Sales collapsed from 7,300 in 2007 to an estimated 4,000 last year. It is perennially lossmaking and rating agencies have warned about its debt load.
“It is a great, phenomenal brand with a huge amount of opportunity, but on the other hand, it’s got a huge amount of intrinsic problems as it stands today,” says Palmer, sitting in his corner office at Aston’s Warwickshire headquarters. “The company has been feast and famine throughout its history.”
Andy-Palmer
Andy Palmer, Aston Martin CEO
He was billed to take the stand at the Geneva motor show last Tuesday to unveil the future of a 102-year-old manufacturer. That future calls for a new plan fit for the car industry in the 21st century.
Regulators are clamping down on emissions like never before. Smartphone-wielding customers are calling for more connectivity and the latest in autonomous technology — though many young people are agnostic about driving.
Meanwhile, new rivals are moving into the rear-view mirror: Tesla with its premium electric vehicles; Google with its self-driving car; and even Apple, with something secret but surely significant.
Palmer’s new plan — approved by the private-equity owners, Investment Dar of Kuwait and Investindustrial of Italy — sees Aston building the “best, purest” sports cars, but as so-called halo products to draw customers to two new lines. These will be luxury chauffeur-style saloons — partly under the revived Lagonda brand — and a new product, perhaps a “softroader” sport utility vehicle, aimed at wealthy mothers in emerging markets and younger buyers.
“Sports cars are really, really interesting, a key part of what the company is,” says Palmer, a low-key straight shooter despite his flamboyant pink shirt and lilac tie. “However, you need to stretch that when you talk about Chinese customers, or Far Eastern customers, or, most importantly, female customers or Gen-Y, Gen-Z customers, who don’t necessarily see the sports car the same way that my generation does.”
Those big thoughts stand at odds with the realities of operating a small, independent car company. Aston, part of Ford’s Premier Automotive Group until 2007, is today a relative minnow. It has been battling just to renew its product line-up and maintain customer interest in a world where developing new technologies costs billions and rivals are backed by rich benefactors.
Bentley, for instance, which was expected to unveil a two-seater “Aston killer” in Geneva, is owned by Volkswagen. The German carmaker last year spent $13.5bn on research and development, more than any other company in the world — including Samsung, Google and Microsoft.

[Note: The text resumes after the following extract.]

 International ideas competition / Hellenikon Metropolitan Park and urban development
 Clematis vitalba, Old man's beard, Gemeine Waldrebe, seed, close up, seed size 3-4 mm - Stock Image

Rolls-Royce, Maserati, Lamborghini and Ferrari each have a rich industry benefactor. Aston, meanwhile, made a pre-tax loss of £25m in 2013 and was carrying adjusted debt of £424m at the end of September, according to Standard & Poor’s. The rating agency last month lowered its long-term credit rating on the company to B minus, citing the risk that the company “will not have sufficient liquidity” during the next year to fully fund its spending.
Palmer admits the magnitude of the challenge. But he says it is wrong to see Aston as a carmaker fighting a lone battle. “I do think of it as a standalone company, but with a benevolent sugar daddy,” he says.
Aston’s sugar daddy is Daimler, a 5 per cent shareholder. Under a deal struck in July 2013, the two will share the German carmaker’s AMG engines and its technical expertise in “electronic architecture” — offering Aston anything from heating controls to entertainment systems.
“We’ve tried to find a place which barely exists today where you can have the agility and the autonomy of an independent company but access to the technology that you get from having huge amounts of turnover and huge amounts of R&D.”
The collaboration has sparked speculation that Daimler might acquire the British marque, though chief executive Dieter Zetsche has publicly ruled out any imminent move.
“If we can make this work, and I think we can, we get the best of both worlds,” says Palmer. “We keep our expertise in sports car technology . . . but we can import the technologies that Gen Y and Gen Z find important.”
The Daimler deal was a big factor in Palmer’s decision to come to Aston, which had been without a chief executive for almost a year when he started the job in October.
It was a homecoming, a return to the area in which he became a 16-year-old apprentice at Automotive Products in the West Midlands. He went on to work for Austin Rover before beginning a 23-year stint at Nissan.
He rose to the role of chief planning officer at the Japanese carmaker, overseeing category-busting products such as the Qashqai compact SUV, the Juke — a beefed-up hatchback that appeals to younger drivers — and the Leaf, now the best-selling pure electric vehicle of all-time.
But like Carlos Tavares — now chief executive of PSA Peugeot Citroën — and Johan de Nysschen of Cadillac, Palmer found the path to the top blocked at Nissan. Ghosn, who has run Nissan for a decade and a half, wants his successor to be Japanese.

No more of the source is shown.